2. **Apply the matrix to the vector efficiently:**
- Split the input vector $\text{eq}(r, x)$ into bytes (chunks of size 8 bits).
- Use each byte to index into the precomputed XOR tables and retrieve the corresponding results instantly.
This optimization is based on the insight that boolean matrix operations, particularly XOR operations, can be transformed into simple table lookups. By working with 8-bit chunks, we limit the number of precomputations to $256$ combinations per chunk, keeping the process both efficient and scalable.
### Computational complexity and efficiency
Using this method, the total runtime for computing $L \cdot \text{eq}(r, x)$ is reduced to approximately $2d$ multiplications, making it highly efficient.
The combination of:
- Precomputed XOR tables
- Chunked processing
- Optimized Boolean matrix-vector multiplication
ensures that the multiopening verification is performed in near-optimal time, even for large values of $d$.

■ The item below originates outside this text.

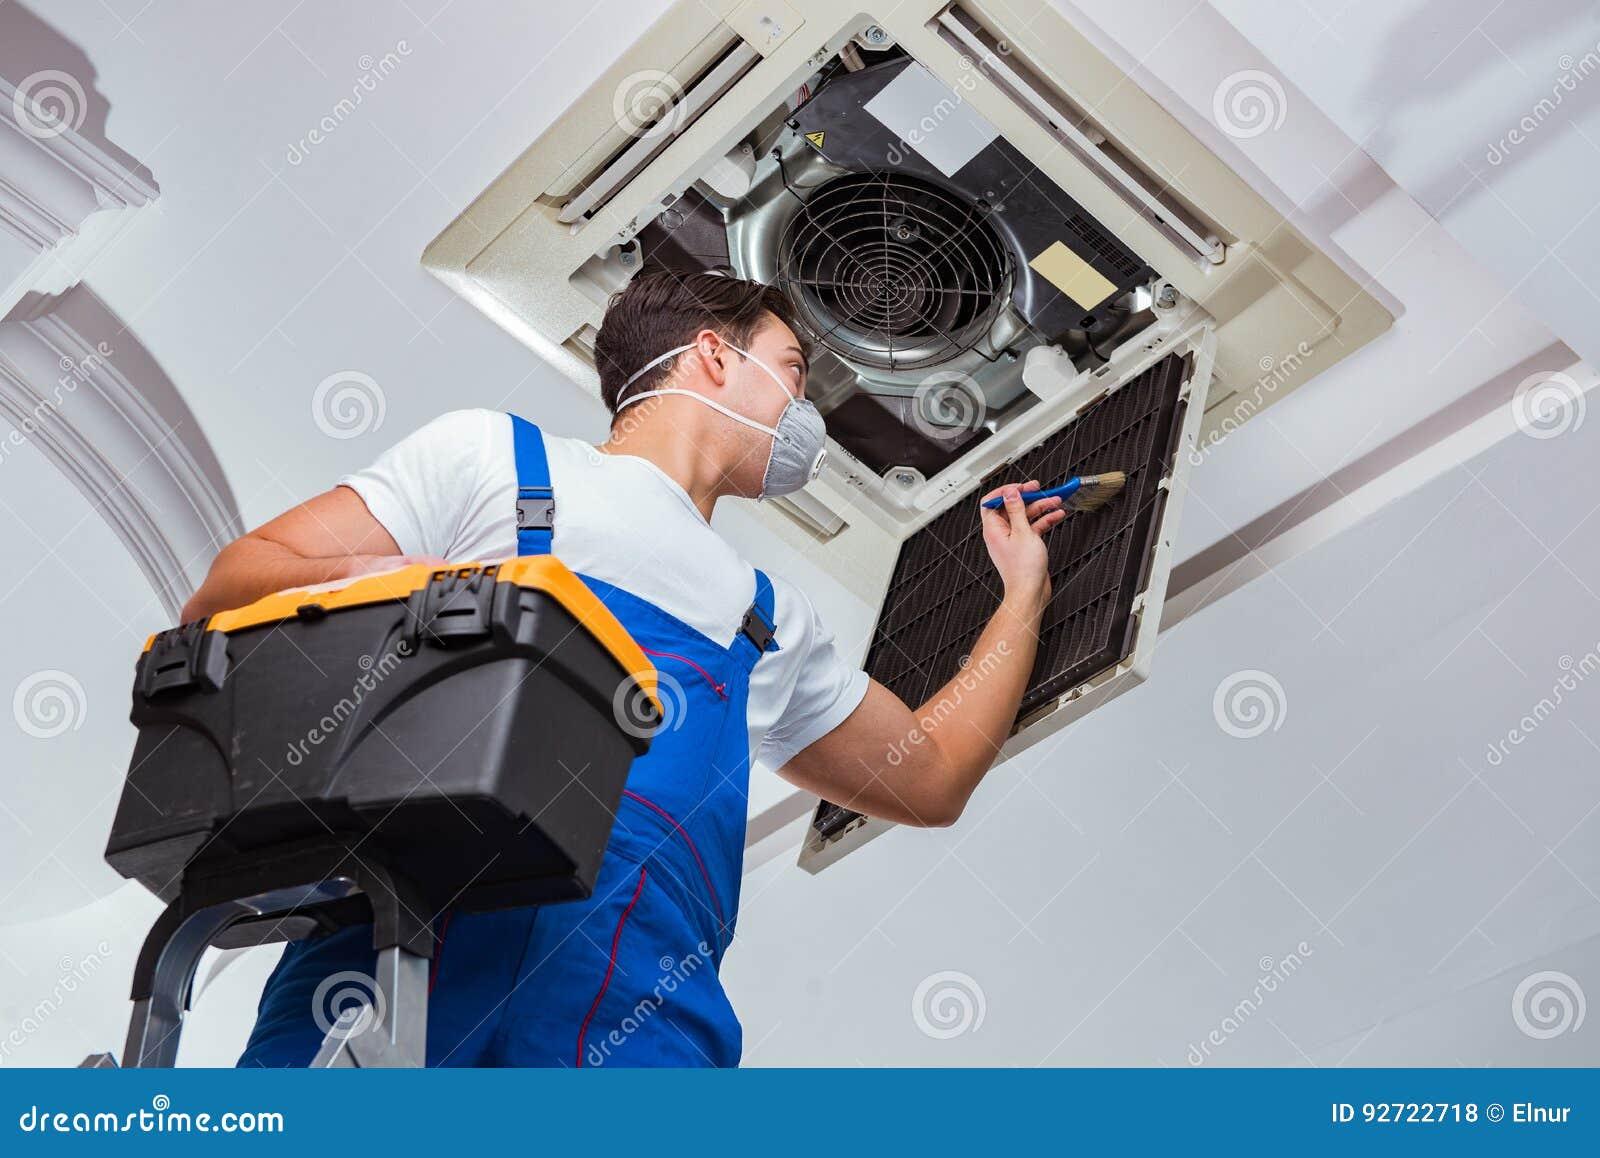 De arbeider die de eenheid van de plafondairconditioning herstellen

### Impact on multiopening arguments
By applying the 4 Russians method, we significantly reduce the computational complexity of verifying multiopening claims. This optimization enhances the efficiency of our boolcheck protocol, especially when dealing with high-dimensional Frobenius twists in interactive proofs.
The method allows us to:
- Compress multiple claims into a single sumcheck.
- Optimize the key matrix-vector multiplication step.
- Achieve significant speed improvements over naive verification methods.
## Conclusion
The boolcheck protocol demonstrates how carefully designed algebraic structures can significantly optimize proof systems for quadratic Boolean formulas. By embedding Boolean operations within a finite field and leveraging key mathematical tools, boolcheck achieves a scalable and computationally efficient verification process.
By combining finite field algebra, sumcheck protocol, and matrix optimization techniques, boolcheck achieves a highly efficient Boolean formula verification mechanism. This structured approach to arithmetizing Boolean logic ensures that both provers and verifiers can operate within optimal constraints, making boolcheck a practical and scalable solution for proof systems in cryptographic applications.